Saturday, February 18, 2017

Financial Investor Comparison

“Angel investors,” “venture capital,” and “private equity” can be grouped together as “financial investors.”

Before equity crowdfunding, they were just about the only ones willing to take a risk on early-stage companies.

Those who get a financial investor gain a valuable partner, along with their money.

This active role is one reason why some companies prefer financial investors to equity crowdfunding; they get to deal with a small number of large investors, who are highly incentivized to drive the company forward.

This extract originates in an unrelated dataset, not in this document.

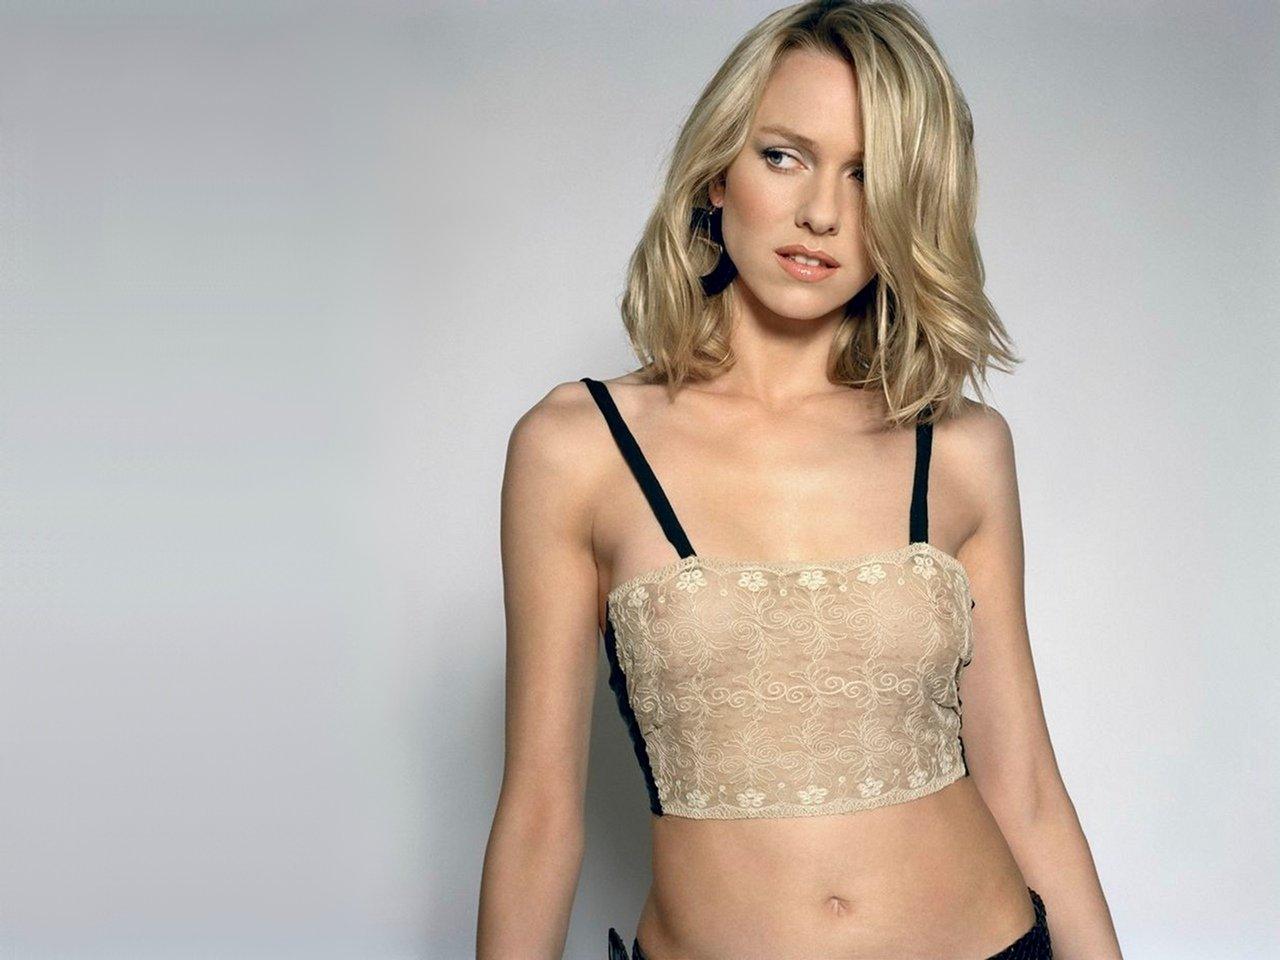 http://1.bp.blogspot.com/-CCMXT-OfHfQ/TyEAXWF6KsI/AAAAAAAAAsw/y4KMV6HLN00/s1600/Naomi-Watts-004.jpg
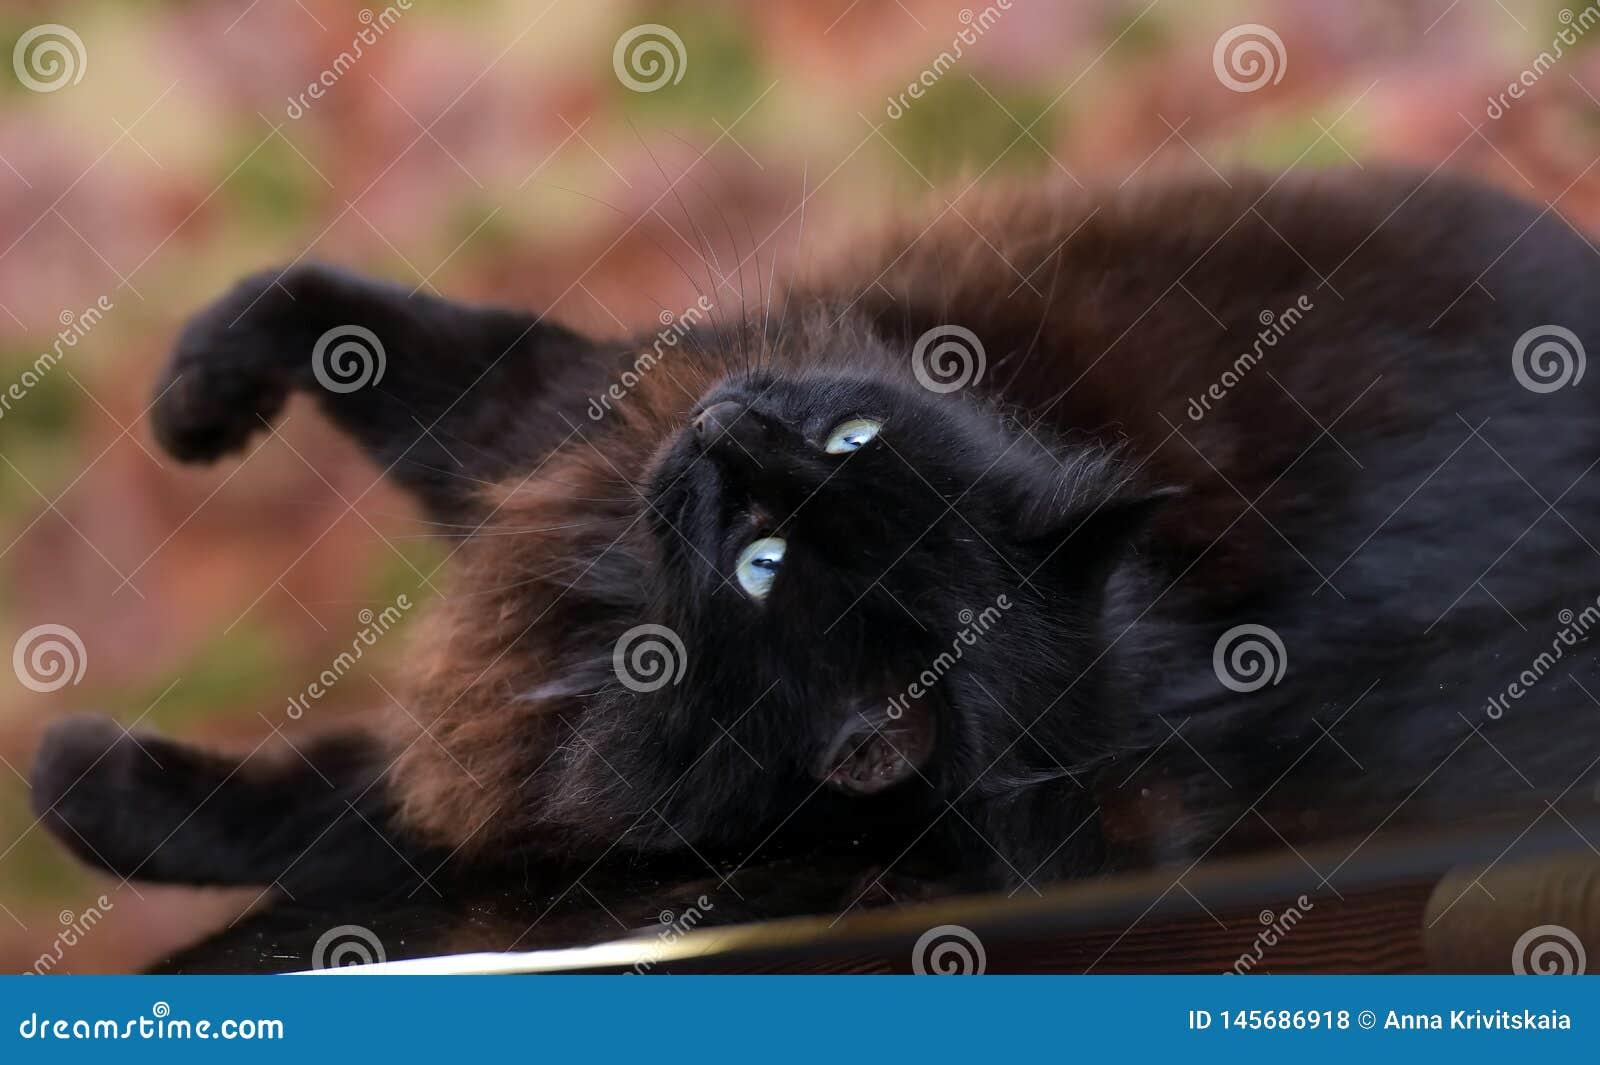 Le beau chat noir pelucheux se trouve sur une table en verre

“There are times where a startup would be better with angel or VC funding,” admits Yannig Roth of WiSEED, “If your business is not the kind that can expect much traction from a public campaign, or if the benefit your company offers is tricky to explain in a sharp and crisp manner, it could be a lot of effort better spent on talking to financial investors.

If you have a great company being highly sought by VC, you could get the money with less effort.

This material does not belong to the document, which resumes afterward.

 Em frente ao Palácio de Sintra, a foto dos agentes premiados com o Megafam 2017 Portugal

But don’t forget that crowdfunding offers more than just the money – it offers engagement, visibility and advocacy too”.

The marketing effort is much larger in the typical equity crowdfunding campaign, and if you can get money quickly from a financial investor, then that saved time can instead be put towards other business efforts.

For a lot of startups, though, the idea of a financial investor is anathema to their company culture.

Alicja Chlebna runs Naturalbox, which delivers ethical, organic snacks, health and beauty products. “No banker would share the passion I have for my business.

And most venture capitalists are pretty arrogant, greedy and difficult to work with, from what I know.” Strong words, but Alicja isn’t alone in feeling this way.

Now, let’s be clear that not all venture capitalists fit this description. There are a lot of great people in VC that generate win-win environments for themselves and the companies they work with.

But nonetheless it must be said that the industry is still mostly male, and tend to come from similar backgrounds — elite universities, and the corporate world.

It shouldn’t be surprising that among the melting pot of diversity that entrepreneurs represent, some won’t gel well with people from this “VC culture.” And these entrepreneurs are not necessarily less worthy of being funded – but until now, if they needed funding, they haven’t had much choice but to submit themselves to a culture they don’t identify with.

Retaining full control of their culture is one of the real advantages of raising money through crowdfunding.